Western aerospace companies are increasing their titanium inventories and struggling to strengthen their supply chains in case the metals widely used in airplane manufacturing enter into a potential trade war between Russia and the West. doing.
Titanium, much of which comes from Russia, has been used in commercial jet engines and other components for decades.
However, its use has skyrocketed in recent years with the latest lightweight jets such as the Boeing 787 and Airbus A350, reaching 14-15% by weight of empty jet airliners.
Neil Mitchill, Chief Financial Officer of Raytheon Technologies, the world’s largest aerospace contractor, said he is “monitoring development” and is working to secure the supply chain for the next 12 months. rice field.
The Pratt & Whitney jet engine manufacturer said it had more than one source of titanium and other major raw materials, but did not provide further details.
Boeing, which relies heavily on Russian titanium giant VSMPO-AVISMA, “has been protected for quite some time, but not permanently,” CEO Dave Calhoun said Wednesday. ..

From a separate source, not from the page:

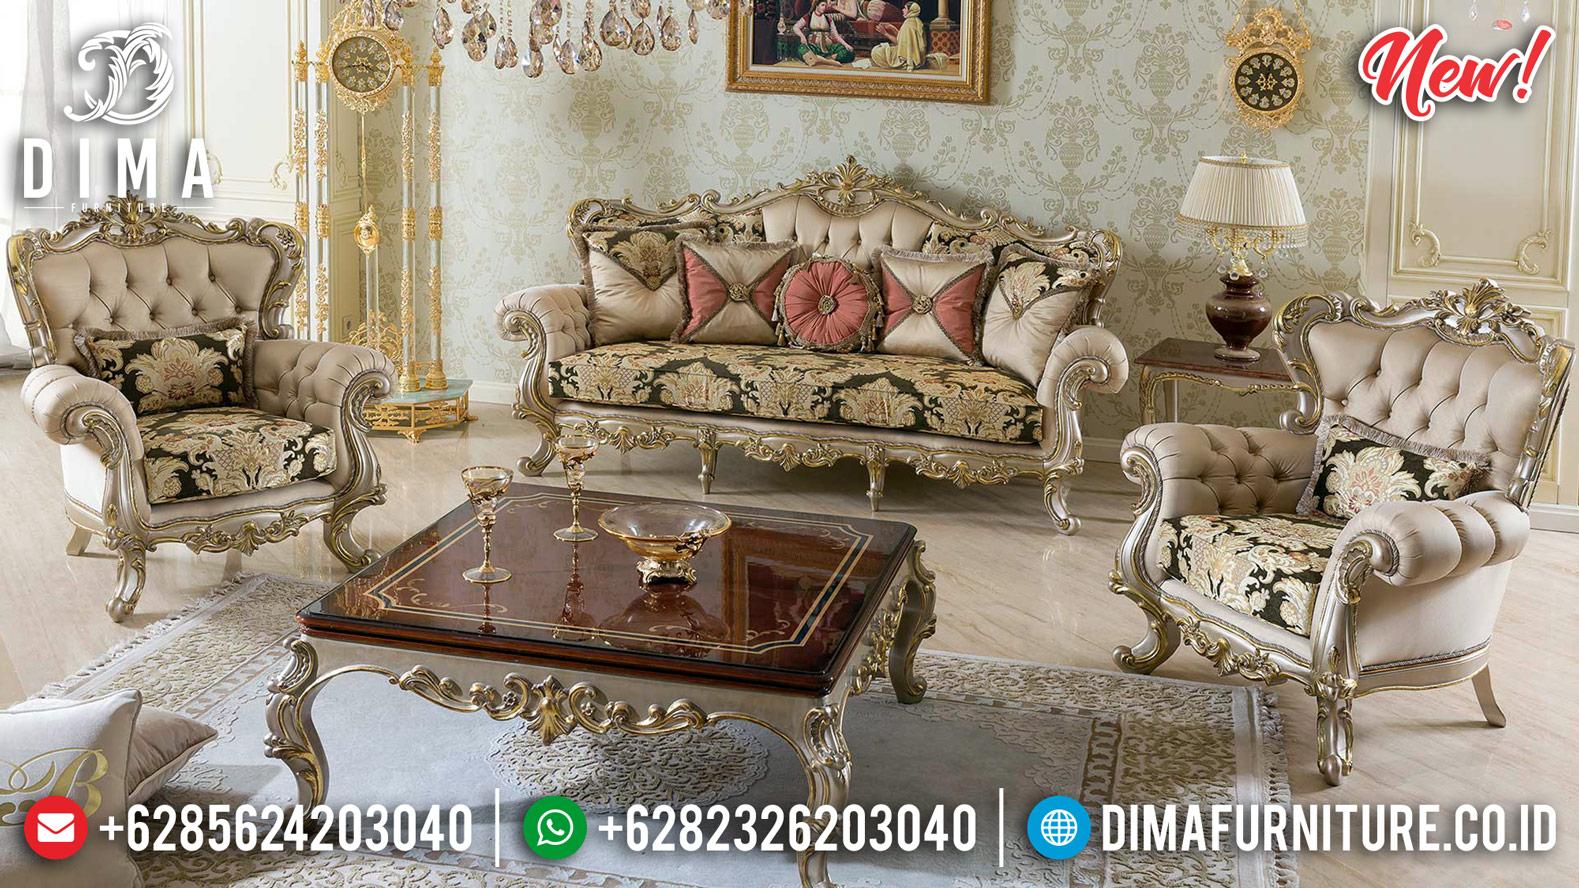 New Milano Set Kursi Sofa Tamu Mewah Jepara Silver Gold Duco DF-1250

Western aerospace companies have increased inventories and diversified sources since 2014, when Russia was sanctioned for the annexation of Crimea from Ukraine, even if titanium was not directly targeted, according to industry sources. There is.
Their situation was eased by the fact that as a result of the pandemic, fewer jets were assembled and the opportunity to stockpile stockpiles was given.
“During the Crimean crisis, everyone created a second source of safety stock and titanium, but in the end nothing happened (in terms of sanctions),” said senior European industry sources. ..
Once Cold War materials were used to build reconnaissance aircraft and submarines, titanium is widely seen as a test case for economic interdependence in strategic sectors such as civil aerospace.
At the Dubai Airshow in November, Boeing agreed to tentatively renew its 20-year partnership with VSMPO-AVISMA and maintain it as the largest titanium supplier.
The world’s largest producers supply 25% of the world’s demand for titanium, a lightweight yet powerful and corrosion-resistant metal that is also used in nuclear energy.
The same two companies have also agreed to increase the use of joint ventures in Russia’s Titanium Valley in the Urals.
Airbus and Embraer of Brazil also have long-term contracts with VSMPO-AVISMA.
“We are closely tracking the situation,” Airbus said.
VSMPO-AVISMA and Embraer said there were no immediate comments.
Airbus said it relies on Russia for half of its titanium requirements, but US industry sources said VSMPO-AVISMA provided one-third of Boeing’s requirements.
VSMPO-AVISMA accounts for about three-quarters of aerospace sales, despite its diversification efforts.
In 2018, a Russian parliamentary bill proposed to limit titanium exports in response to increased Western sanctions.
However, the country’s trade minister was reported to have said the idea was blocked to prevent the loss of stable foreign buyers.
Still, the consequences of a trade war that could occur if tensions boil are difficult to predict, and stakes will increase as the United States threatens to target major Russian gas pipelines.
S & P said last year that Russia could restrict exports of strategic materials due to tensions, but this was not the most likely case.
The West also said in a report that it is unlikely to suspend trade as it will take years to certify alternative suppliers.
The US Department of Commerce imposed restrictions on VSMPO-AVISMA in December 2020 and only revoked them after three weeks.
Targeting VSMPO-AVISMA identifies strategic assets that are closely linked to Russia’s defense industry, but Western aerospace companies quickly backfire, according to industry sources.